• _Source data_:
↓↓↓

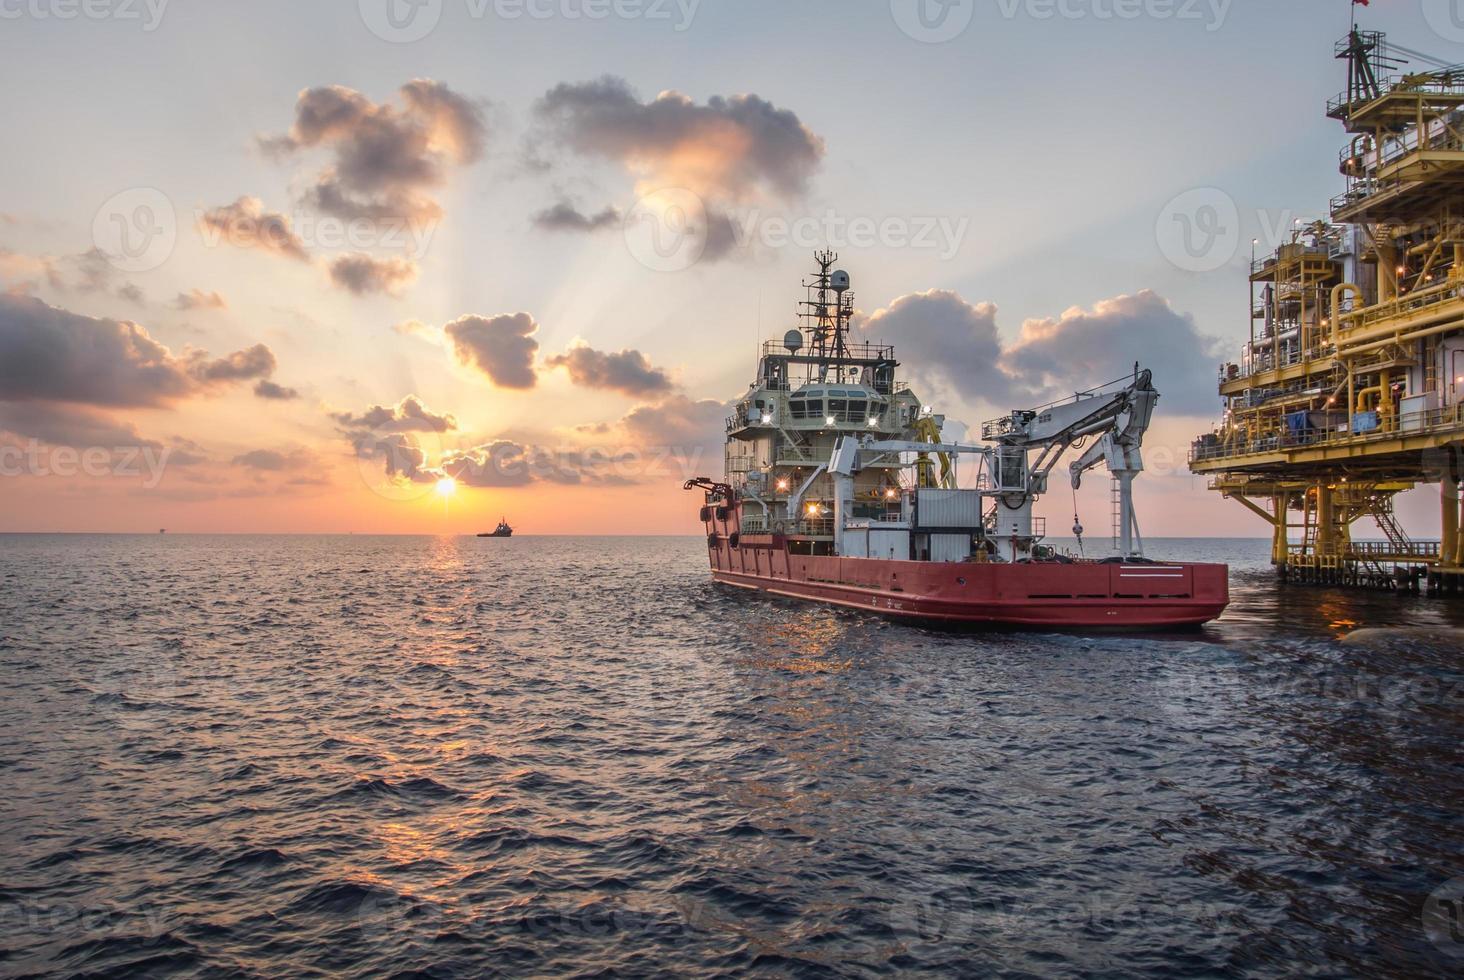 rifornire la barca al tramonto foto
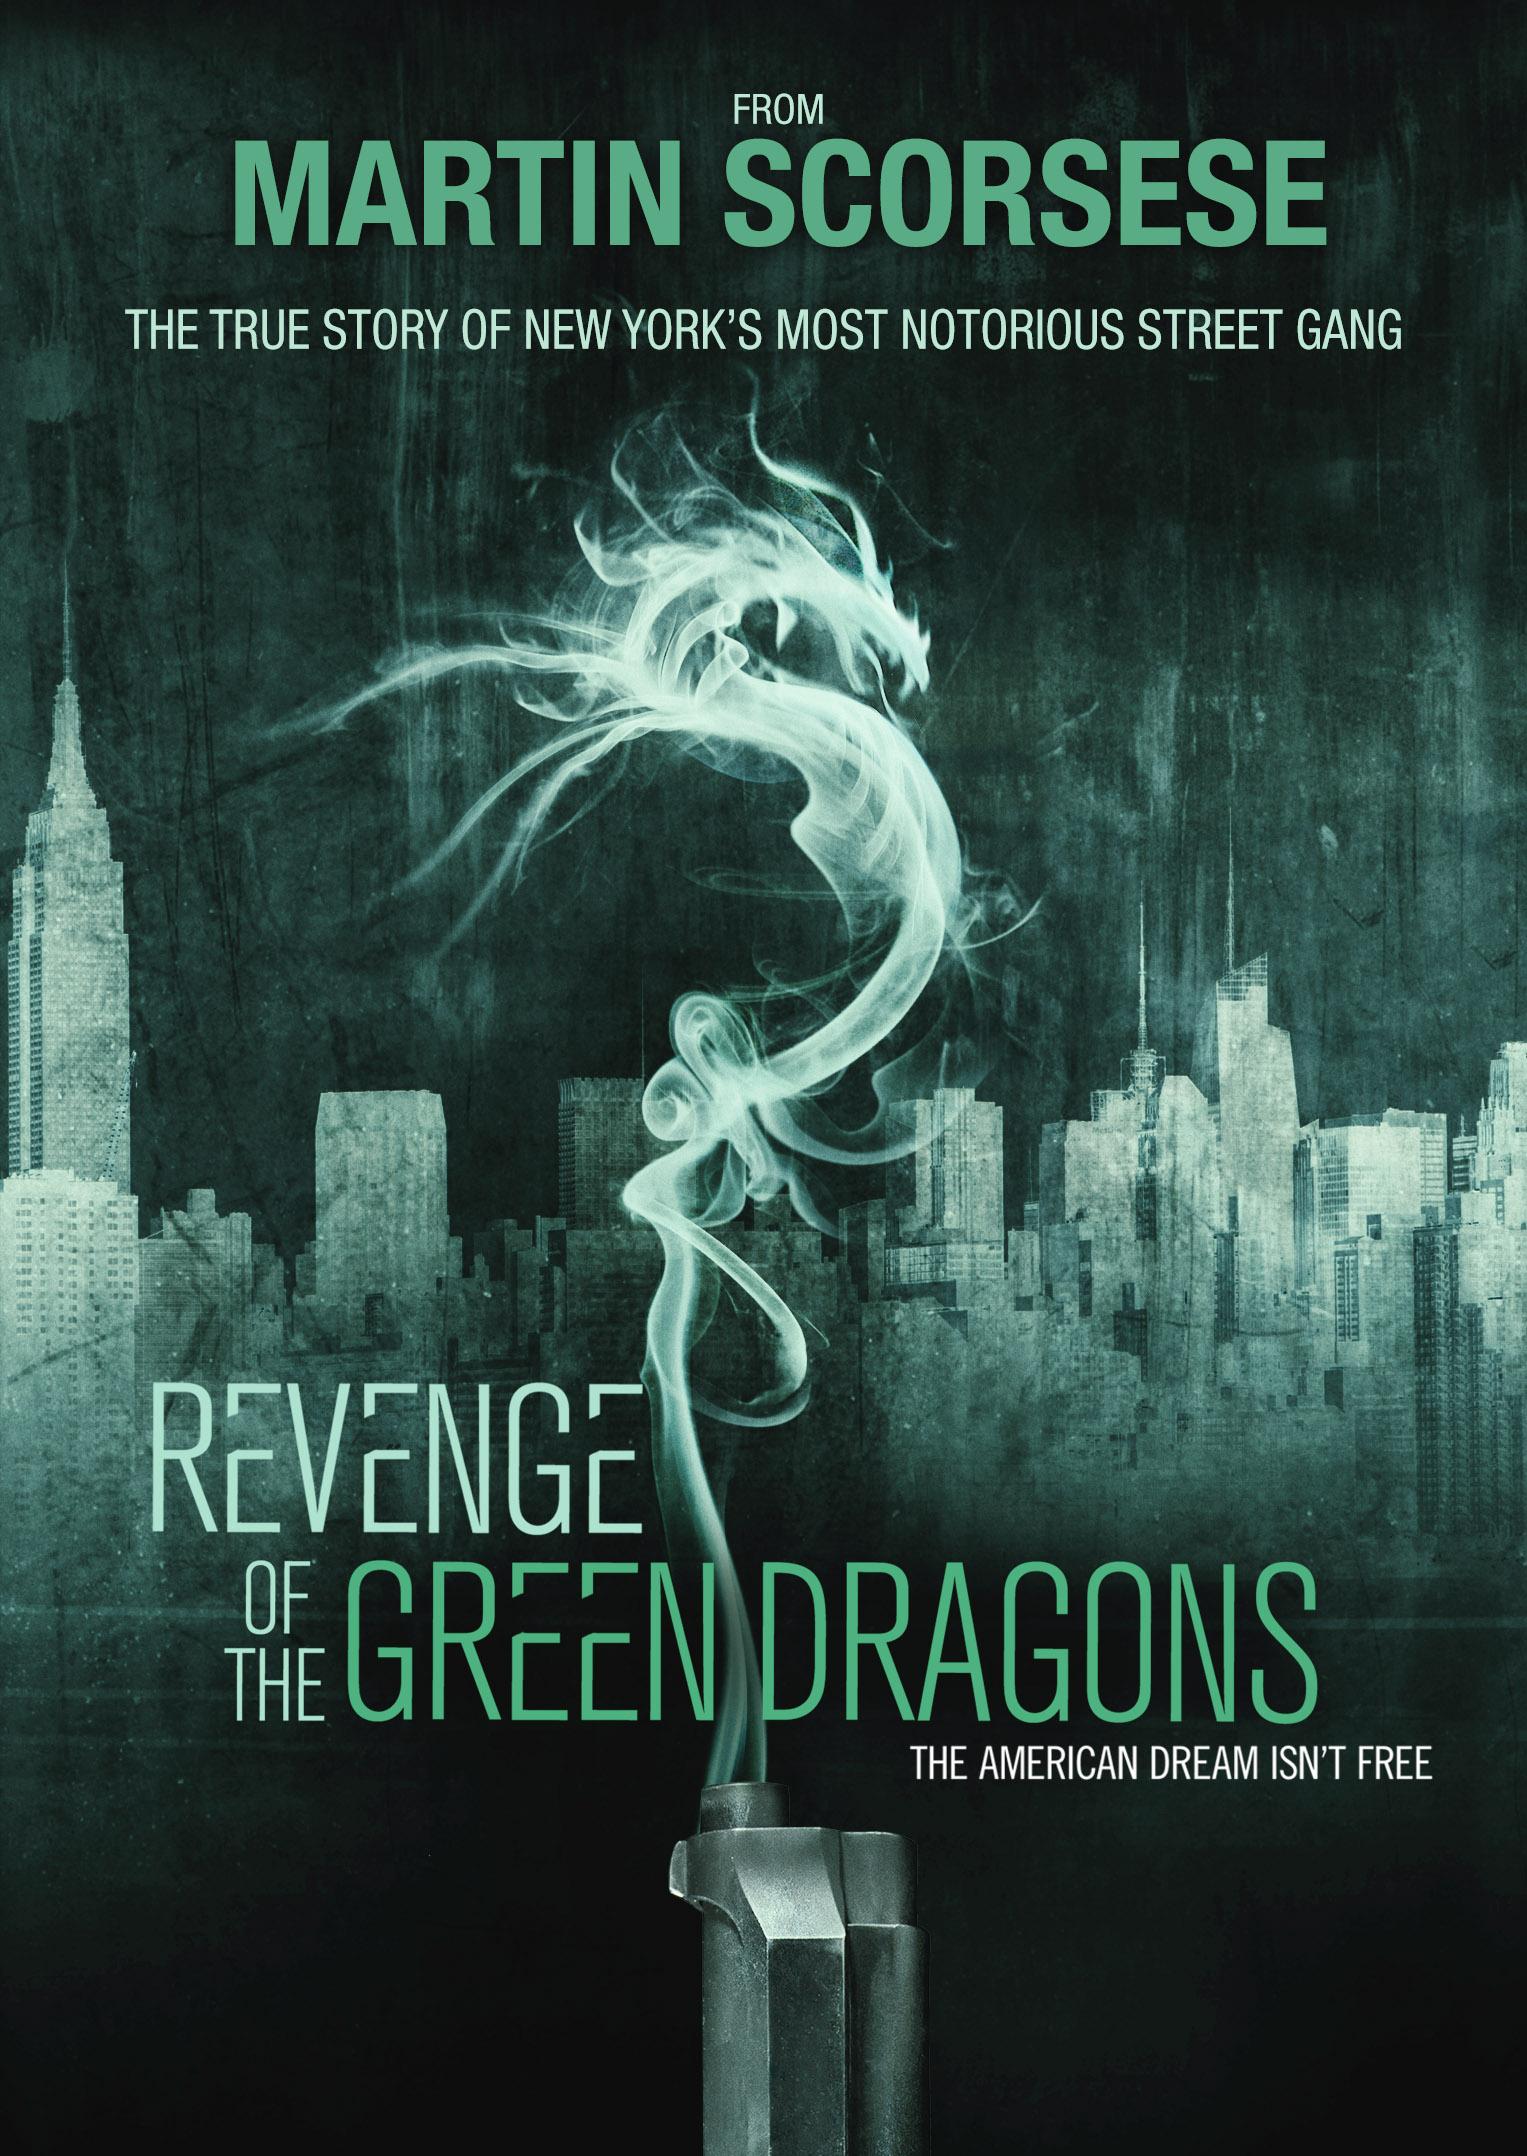 La venganza del dragón (2014)
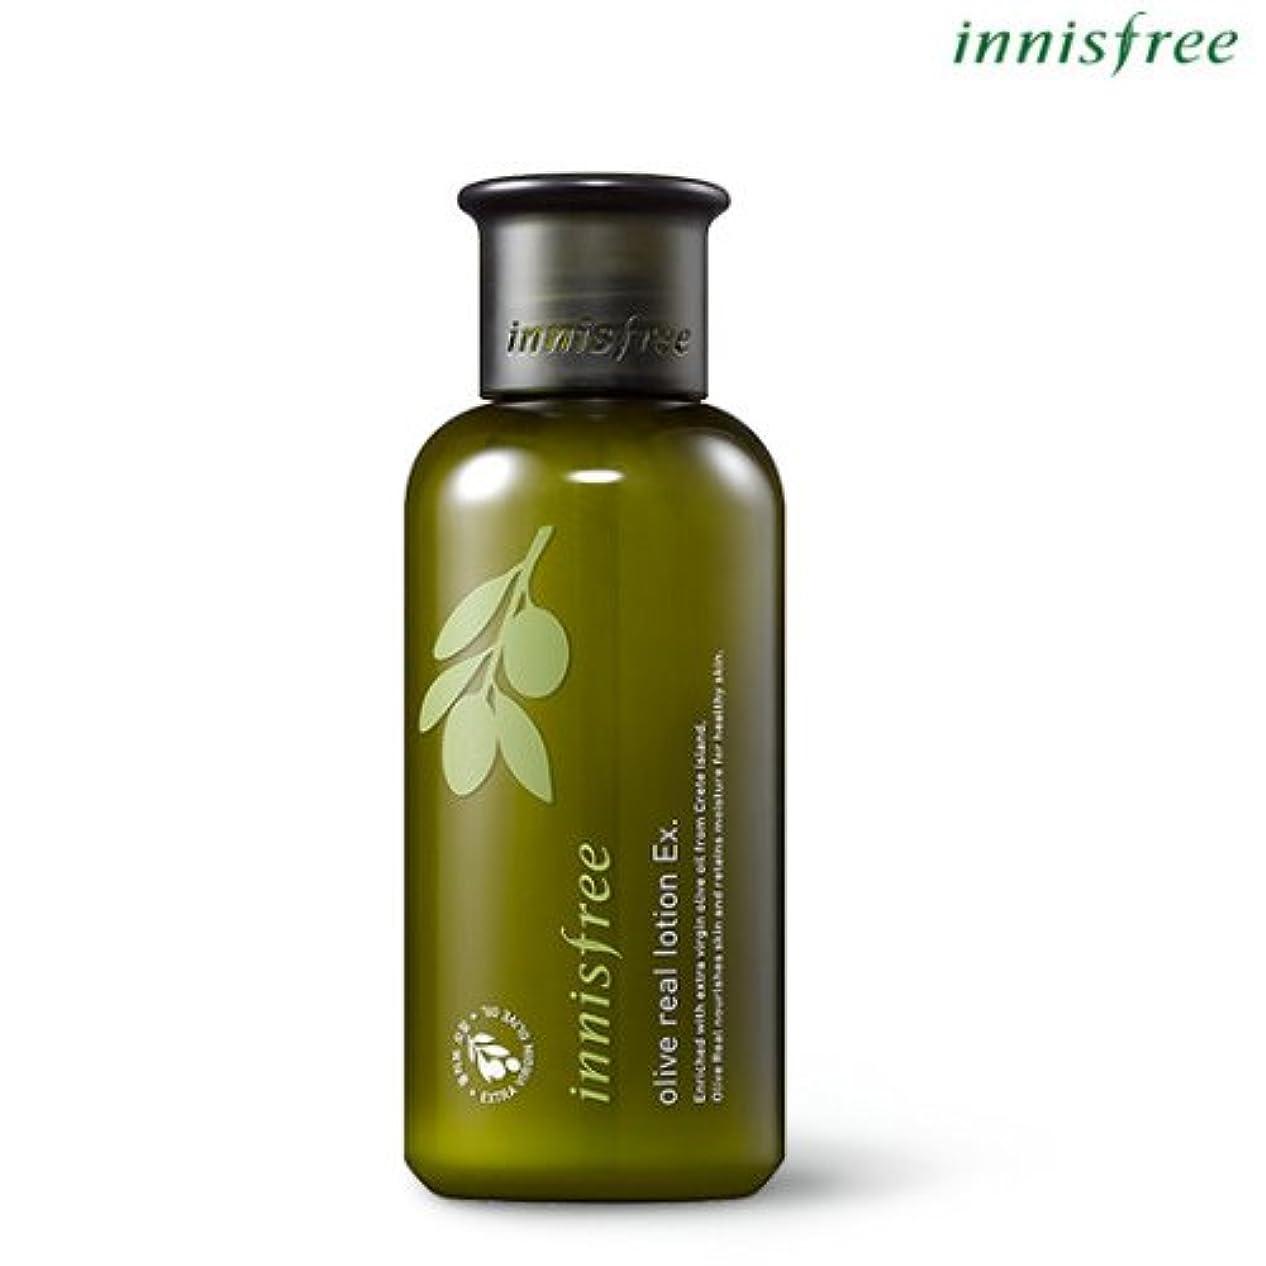 持っているガウン心臓[INNISFREE]イニスフリーオリーブリアルローションEx.160ml olive real lotion Ex.160ml [並行輸入品]

↑↑↑

Verbatim output, no pictures: the line holding "La venganza del dragón (2014)" and all lines after it through the last line of the material, with nothing else.

• _Task solution_:
 La venganza del dragón (2014)
 持っているガウン心臓[INNISFREE]イニスフリーオリーブリアルローションEx.160ml olive real lotion Ex.160ml [並行輸入品]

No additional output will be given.